Chocolate and wine share other fun similarities beyond these oh-so-welcomed health and beauty revelations. Perhaps surprisingly, they are described using a very similar vocabulary of taste characteristics such as “tannic, acidic, sweet, floral, fruity, spicy, earthy, etc.” And they both have earned an association – together or alone – with romance, sensuality and epicurean sumptuousness. Dessert wines, in particular, have been paired with chocolate by chocolatiers and sommeliers alike in delightful feats of palate alchemy.
So this Valentine’s Day, don’t just give chocolate – step it up and bring along a bottle of elixir d’amore! (Don’t know much about dessert wine at all? Check out my recent post, Sweeten Up Your Wine Repertoire for a quick primer.)
A few things to keep in mind when pairing chocolate with wine:
- Choose a wine at least as sweet as or sweeter than the chocolate; otherwise, the taste may quickly veer towards sour.

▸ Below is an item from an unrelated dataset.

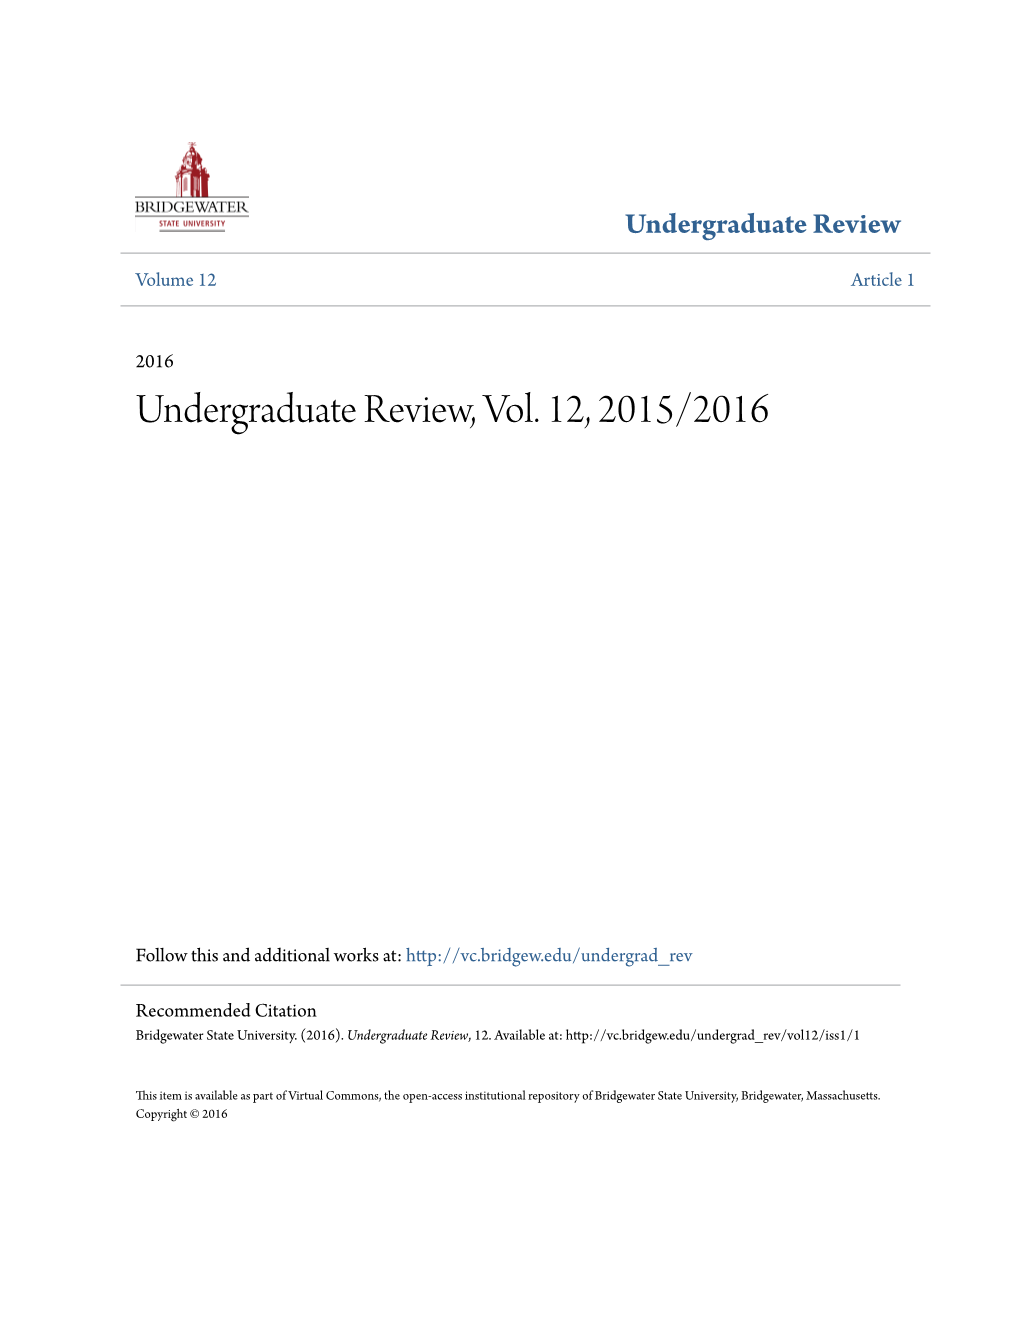 Undergraduate Review Volume 12 Article 1 2016 Undergraduate

- The darker the chocolate (usually less sweet), the more full-bodied the wine should be. For example, a dark chocolate tends to pair well with an intense fruit driven red, such as a late harvest California Zinfandel or jammy Syrah.
- Wines may provide either matching or complementary characteristics. A wine with fruity and floral notes, for example, could work well with either a fruit-infused truffle OR a dry, earthy chocolate block.
- As with any food and wine pairing, your personal palate is the your most trusted guide, so be creative and have fun. Santé!